Oznacza to, że musimy stale dostosowywać dwa modele: predykcyjny (jeśli to zrobisz, to się zmieni na świecie) i odwrócony (aby coś na świecie się zmieniło, musisz to zrobić). Jest wysoce prawdopodobne, że dopamina jest odpowiedzialna za dostrojenie każdego z tych obwodów. Ale gdzie ma miejsce sama adaptacja? Czy te modele zmieniają się razem czy osobno? Nie mamy o tym pojęcia. Ile różnych modeli świata zewnętrznego tworzy mózg, jak wchodzą ze sobą w interakcje i jak się uzupełniają - to pytania bez odpowiedzi.

Zdolność do ustalenia związków przyczynowych metodą prób i błędów zaobserwowano u różnych gatunków. Nie tylko u zwierząt, ale także u ptaków. Zdolność ta łączy poszczególne zdarzenia w sekwencję: jeśli wykonam czynność X, po niej nastąpi wynik Y. Niektóre gatunki mogą ustanowić związki przyczynowe poprzez naśladownictwo. Obserwując swoich bliskich, błękitne cycki z rodziny sikorki mogą nauczyć się odkręcać nakrętki butelek z mlekiem (serio, lepiej tych ptaków nie rozwścieczyć).

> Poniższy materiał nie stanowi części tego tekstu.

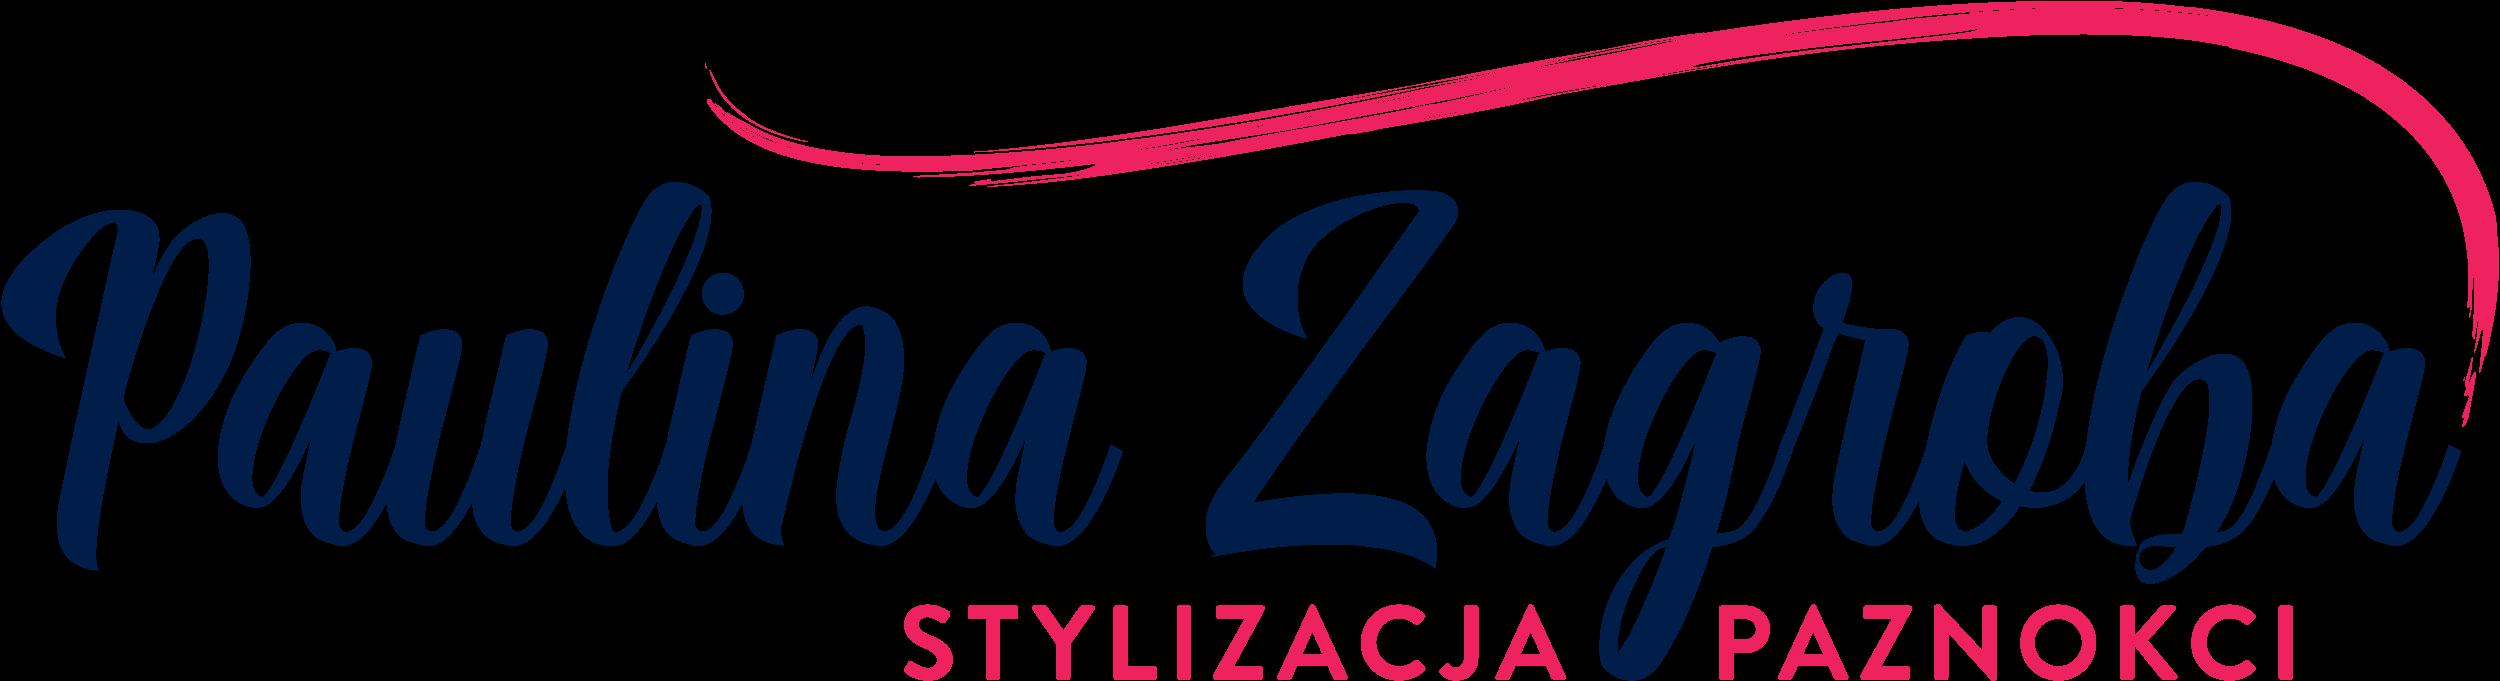 Paznokcie Warszawa Targówek - Białołęka

Ale człowiek ma jedną zaletę - język. Dzięki niemu nie musimy już marnować energii na niekończące się obserwacje łańcuchów działań, ograniczone jedynie własnym doświadczeniem. Za pomocą języka możemy wyjaśnić związki przyczynowe i przekazać je w sposób abstrakcyjny: w książkach, czasopismach, filmach dokumentalnych. Lub skorzystaj z wielogodzinnego przewodnika na YouTube, jak przejść przez V8. Możemy rejestrować nasze obserwacje, pozostawiając luki, w których nie ma wystarczającej liczby połączeń w łańcuchu między X i Y (nazywa się to „nauką”). Możemy dzielić się informacjami i znajdować związki przyczynowe na większą skalę iw większych próbkach niż jest to dostępne dla jednostki.

Fakt, że ludzie zidentyfikowali przyczyny złożonych zjawisk, takich jak wymieranie gatunków czy globalne ocieplenie, jest świadectwem naszej zdolności pojmowania świata poza indywidualnym doświadczeniem. Tylko ludzki mózg jest w stanie zrozumieć nie tylko, co spowodowało samo siebie, ale także to, co wszyscy spowodowaliśmy.